Я взяла стаканчик. Руки и впрямь дрожали. Пить не хотелось, не люблю я брагу; но вспомнилось вдруг – почти так же, как мне сейчас Инора, бабушка говорила рыдающей Джильде: «Выпей да спать ложись, а утром все иначе покажется»…
– А что нежить? – спросила я.
– Да сидит, по всему видать, на Ореховом, – ответила Лизетт. – Давеча хотели стадо на ту сторону перегнать – не пошли коровы-то, забились. Косарей пришлось налаживать. А косари тоже боятся: третьего дня шорникова дочка пропала, по ягоды пошла и не вернулась. Неладно в лесу, и маг не помог. Одна надежда, что молодой господин в городе чего умного узнал. Видели ведь, не один приехал? Говорят, этот, как его, Эннис, хоть только из учеников, кое в чем посильней мэтра Куржа будет. Да ты пей, девонька. Быстро пей, не думай, чего над ней думать, над гадостью этой.

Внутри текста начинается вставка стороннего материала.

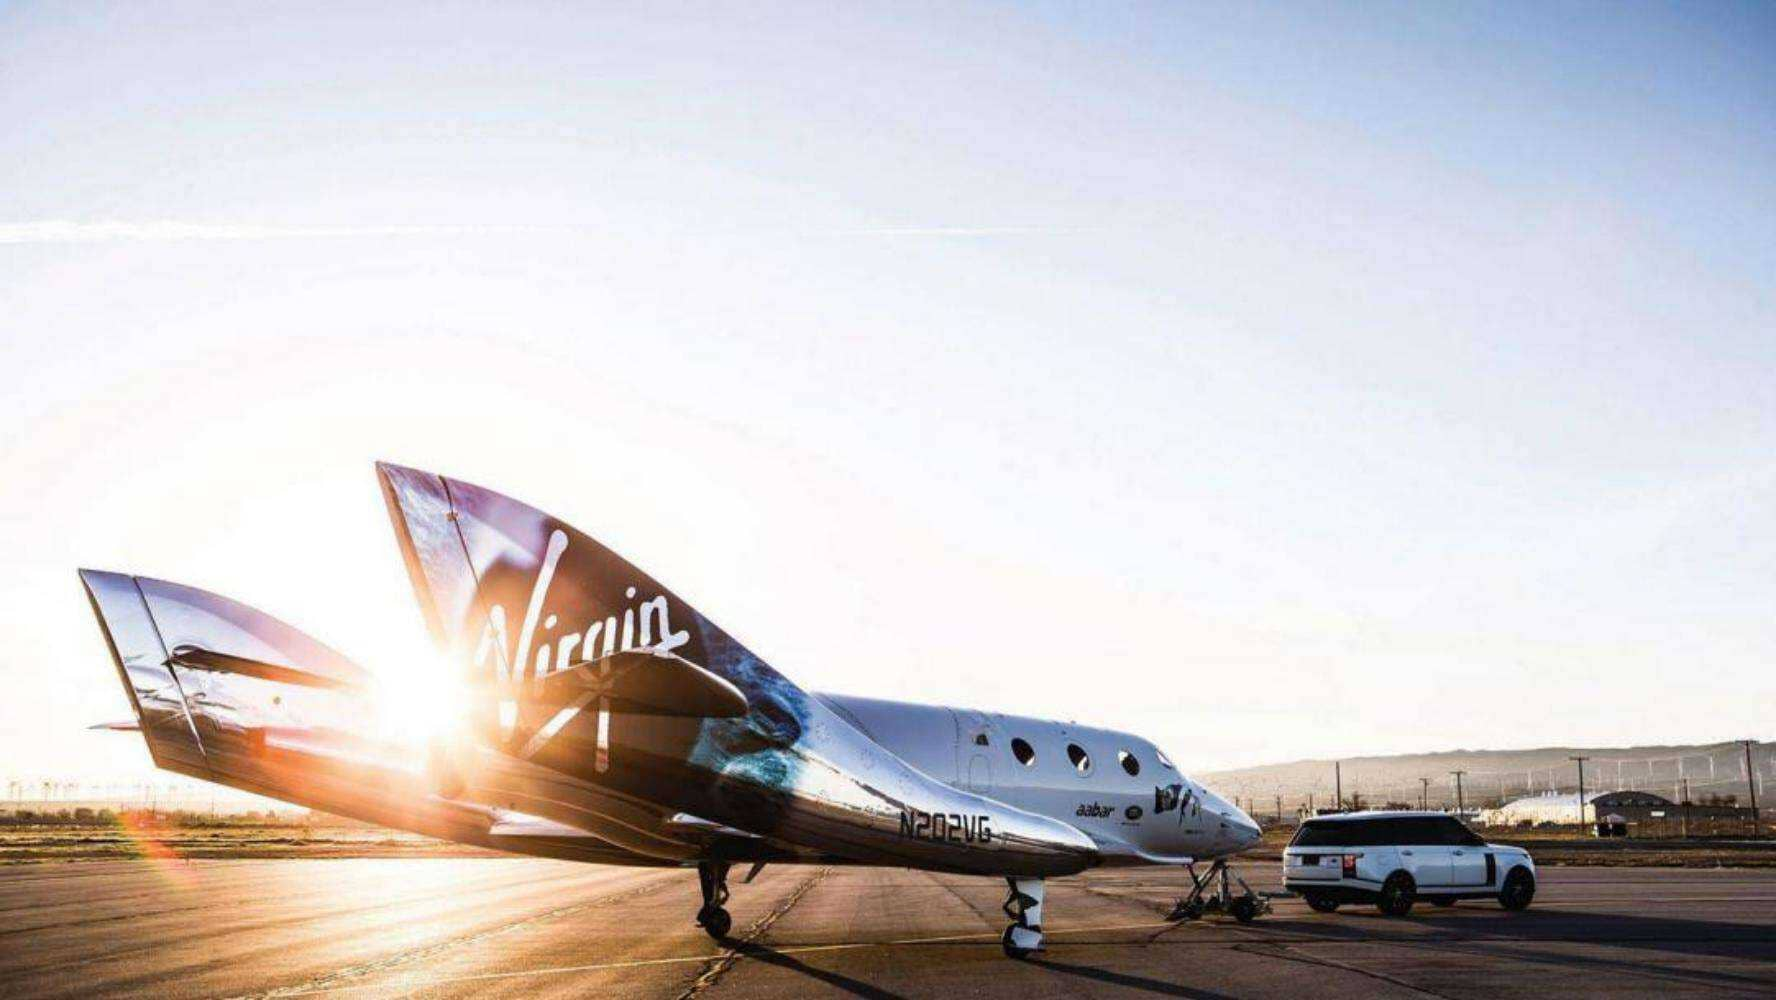 О стремительном развитии компании Virgin Galactic Holdings

Я зажмурилась и хлебнула добрый глоток. Брагу в бароновом замке гнали крепкую, даже покрепче, чем у нашего Колина. Шибануло в нос, обожгло рот и горло, а потом стало вдруг тепло, навалился сон, и вся нежить, сколько ни есть ее на свете, показалась не стоящей не то что страха, а даже памяти. Я подтерла миску корочкой, дожевала – лениво, почти через силу.
– Вот и умница, – сказала где-то рядом тетушка Лизетт. – Пойдем, девонька, спать… Уложу тебя в Динушкиной каморе, а Динуша с бабушкой поспит.
Динуша, внучка старой Иноры, согласно закивала. В ее каморке мне приходилось уже ночевать. Там было хорошо, тепло: Динушкин уголок помещался как раз между печкой и хлебной кладовой; от кухни его отделяла толстая полосатая занавеска, утро отмечали сонные голоса служанок и запах разгорающихся дров, и воду на умывание можно было брать не из колодца на дворе, а здесь же, в бочке. Это сейчас, летом, все равно, а зимой – очень даже кстати!
Юбку я скинула сама и даже мимо подушки головой не промахнулась, но укрывал меня уже кто-то другой. Лизетт, наверное… Я засыпала, в кухне шушукались служанки, за стенкой шумно ужинали стражники, и Рольф с ними – его, верно, тоже раскрутили на рассказ – а в окно стучала тьма, но я совсем ее не боялась.
Стремительной тенью я летела над залитой лунным светом тропой. Страха не было, только слегка разбавленное тревогой любопытство. «Запоминай дорогу», – бубнил над ухом смутно знакомый голос; я оглянулась, никого не увидела, зато заметила, что меня тут тоже вообще-то нет. Ни рук, ни ног, ни собственно ушей!
Тут я вспомнила, что сплю, рассмеялась и полетела дальше. На всякий случай запоминая дорогу.
Светлый березняк с земляничными полянами, с мягкой травой. Сюда ходят по ягоды детишки замковой обслуги, здесь набирают грибов – бочками, и господам и челяди хватает. В лунном свете он весь – сверкающее серебро на серебре черненом, чертог, достойный Звездной девы.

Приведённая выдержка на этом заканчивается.